Google DeepMind's Perch 2.0, an AI model trained on millions of bird and land-animal recordings, can classify whale vocalisations with competitive accuracy — a finding that interested the researchers who tested it.
The result, presented at the NeurIPS conference workshop on AI for Non-Human Animal Communication last December, builds on nearly a decade of whale bioacoustics research at Google DeepMind and Google Research. Previous work from the team includes algorithms to detect humpback whale calls and a multispecies model capable of identifying eight distinct whale species. Perch 2.0 was never designed for ocean acoustics, yet when researchers tested it on marine datasets, it outperformed or matched dedicated whale models.
From Birdsong to Biotwangs: How Transfer Learning Bridges Two Worlds
The mechanism behind this cross-domain success is transfer learning — a technique where knowledge acquired during one task carries over to a different but related one. Rather than building an entirely new model for whale sounds, the team fine-tuned Perch 2.0 by training a simple logistic regression classifier on top of the model's existing feature representations.
The researchers converted 5-second windows of audio from three marine datasets into spectrograms — visual maps of sound intensity across frequencies over time. Perch 2.0 processed these images and produced embeddings, compact feature sets that capture the most acoustically meaningful attributes of each sound clip.
"We're always making new discoveries about call types. We're always learning new things about underwater sounds. There are so many mysterious ocean noises that you can't just have one fixed model." — Lauren Harrell, Google Research
Critically, the classifier performed well even when trained on as few as 4 embeddings per dataset, with performance improving as that number rose to 32. This low data requirement matters in marine biology, where labelled recordings of specific whale calls are often scarce and expensive to obtain.
Why Bird Models Understand Whale Calls
Lauren Harrell, a data scientist at Google Research, and her colleagues offer three explanations for why a model trained on avian sounds transfers effectively to cetacean acoustics.
First, birds and marine mammals may have evolved similar physical mechanisms of vocal production — an evolutionary parallel that produces structurally comparable sounds despite vastly different environments. Second, large models trained on diverse, high-volume datasets tend to generalise well even to out-of-domain tasks, a pattern well-documented in other areas of machine learning. Third, classifying bird calls is genuinely difficult: thousands of species produce overlapping, fine-grained acoustic signals, and learning to distinguish them may train the model to detect subtle features that prove equally useful underwater.

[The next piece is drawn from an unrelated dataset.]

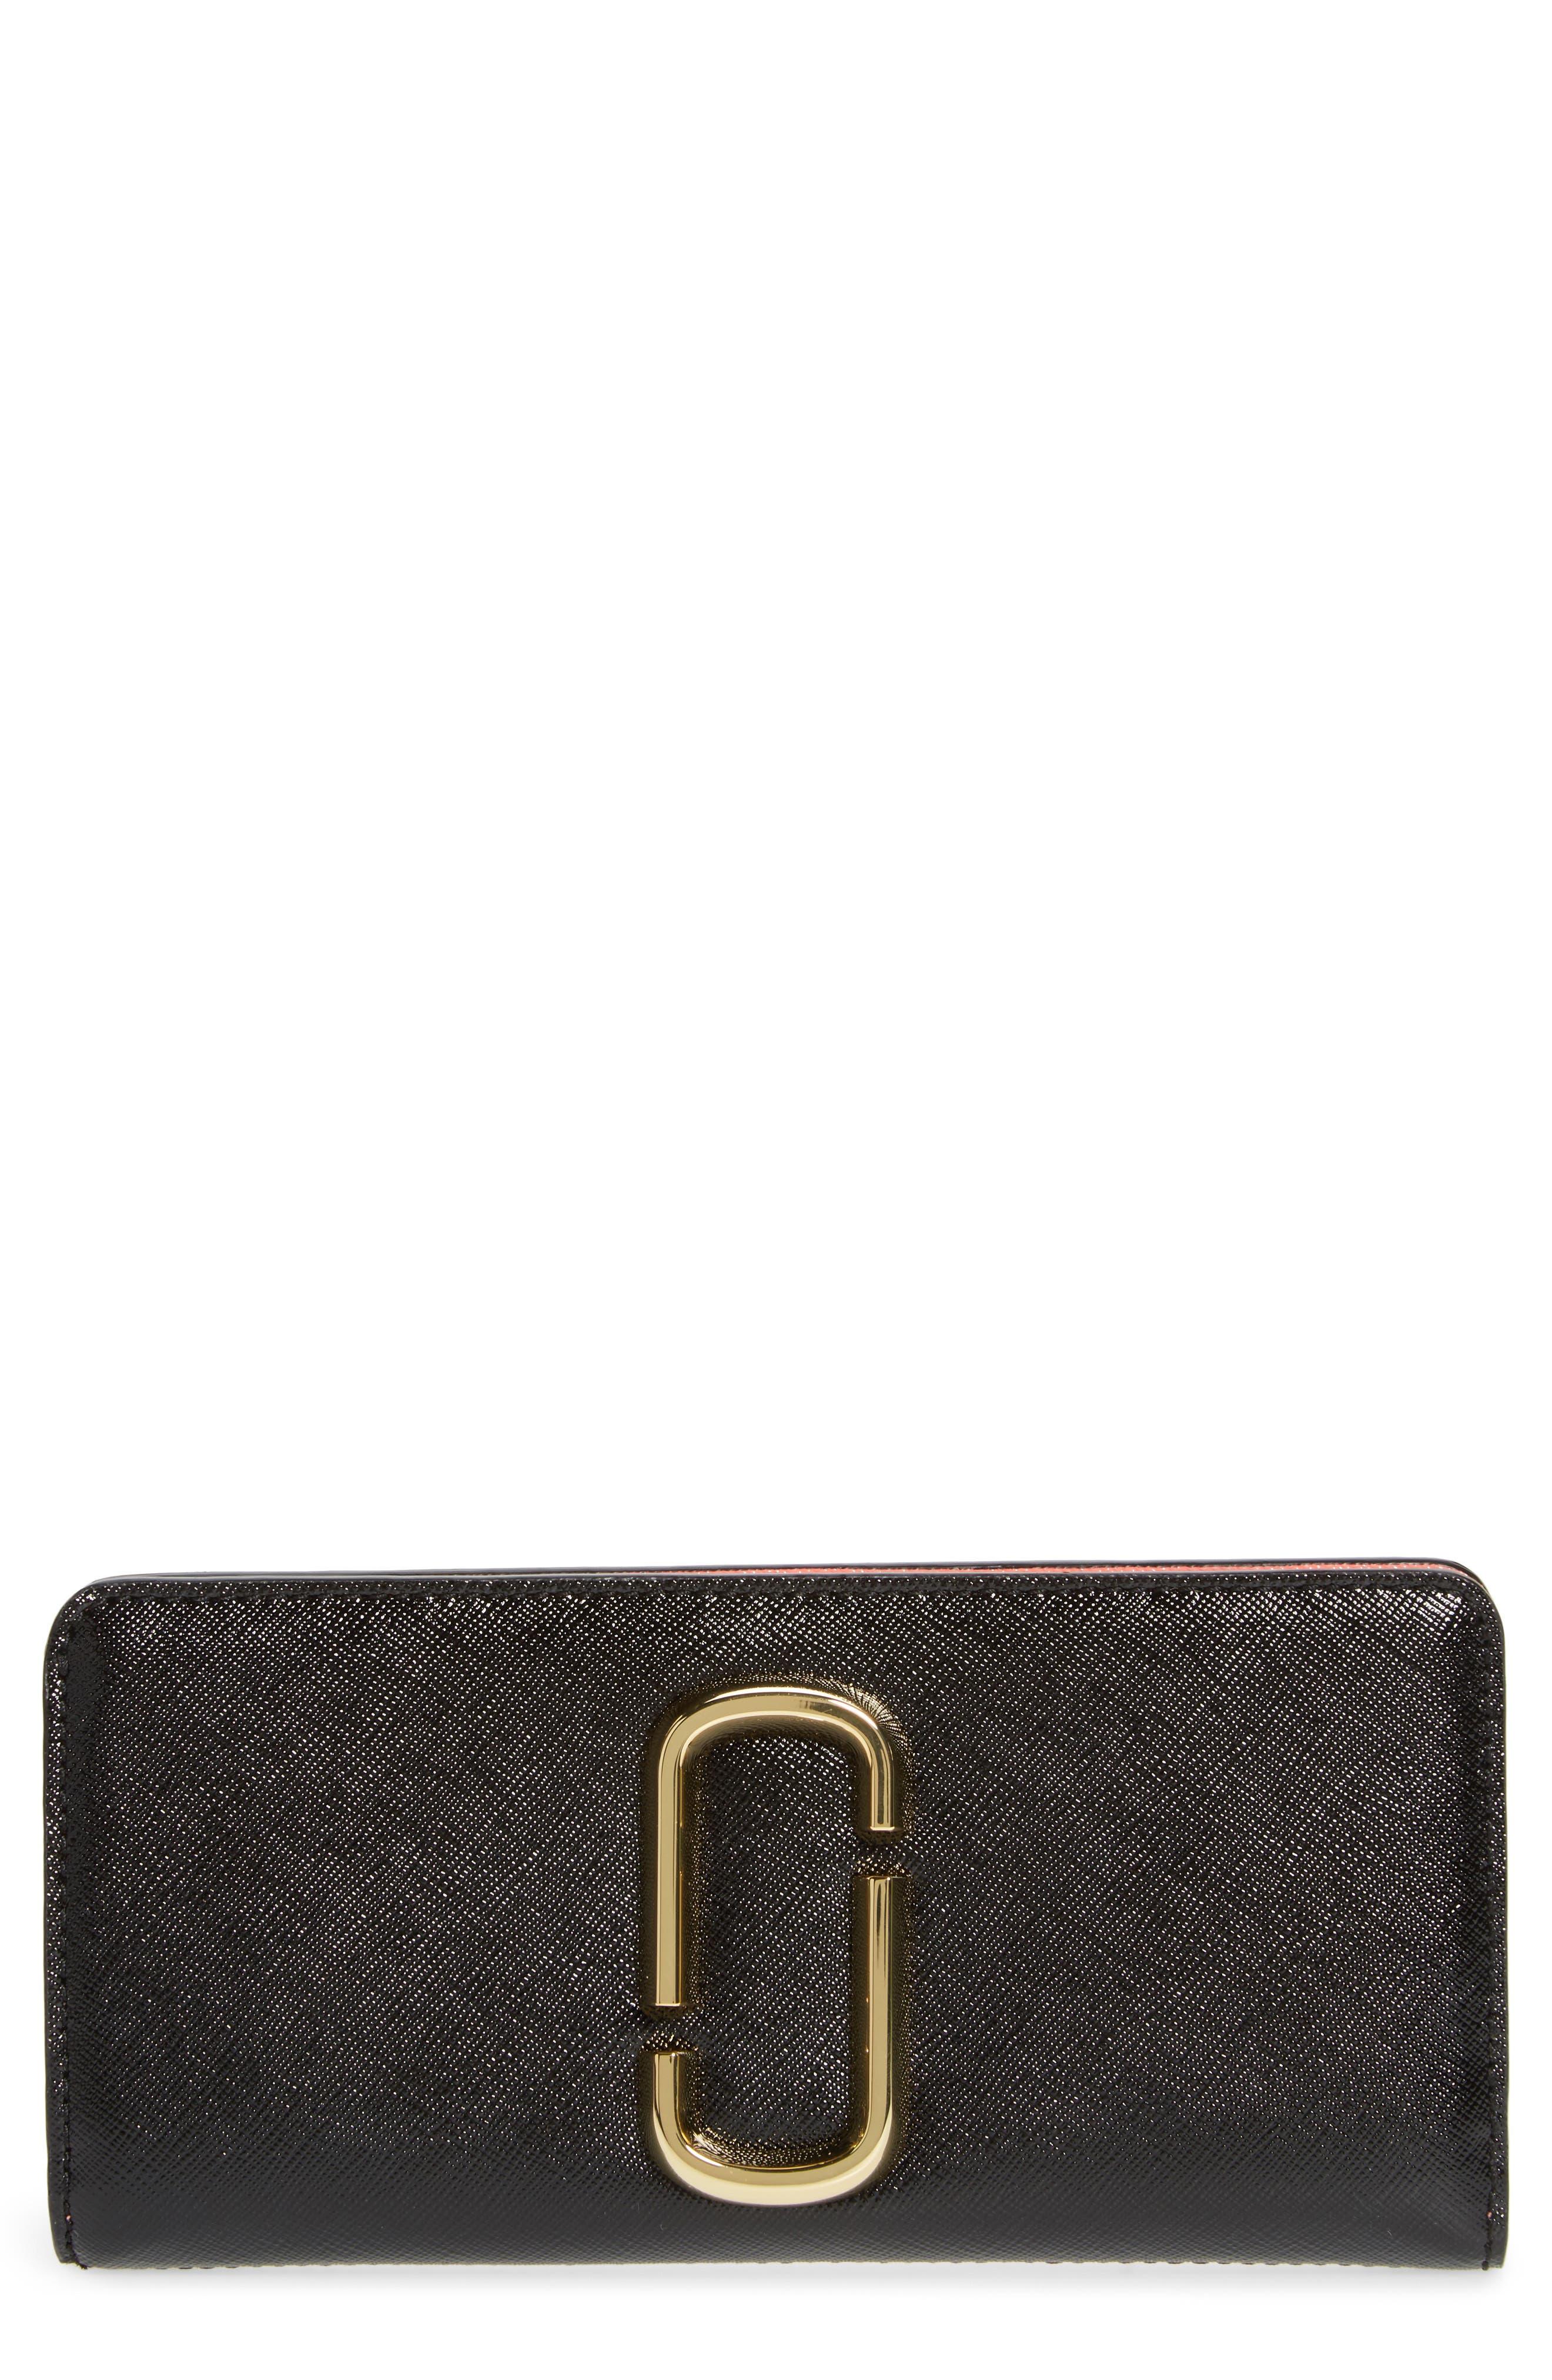 Snapshot Open Face Leather Wallet,                             Main thumbnail 1, color,                             BLACK/ ROSE

"The whistles of killer whale populations are in the same kind of spectrogram range as many of the bird vocalisations," Harrell explains. The model also handles low-frequency calls from birds, amphibians, and mammals — making it sensitive to the kind of acoustic dynamics that appear in underwater recordings.
Competitive Performance Against Specialist Models
When benchmarked against comparable bird bioacoustics models, the existing multispecies whale model, and models trained on coral reef sounds, Perch 2.0 ranked either first or second across the marine datasets tested. The bird bioacoustics models also performed strongly, reinforcing the transfer learning hypothesis rather than attributing the result to Perch 2.0's scale alone.
It is worth noting that these benchmark results were reported by the researchers themselves in a workshop paper, not yet through independent peer review. The datasets used — three marine audio collections containing whale sounds and other aquatic noises — have not been publicly detailed in full, and external validation of the findings has not yet been published.
The practical implication, according to the team, is significant. Building and training a dedicated marine foundation model requires substantial computational resources and large volumes of labelled data. If an existing terrestrial model can perform comparably with minimal fine-tuning, researchers working on marine conservation gain a faster, cheaper route to deploying acoustic monitoring tools.
What This Means
For conservation scientists monitoring whale populations through passive acoustic recording, Perch 2.0 offers a ready-made, computationally efficient starting point — one that could accelerate species identification and call discovery without the cost of building marine-specific AI infrastructure from the ground up.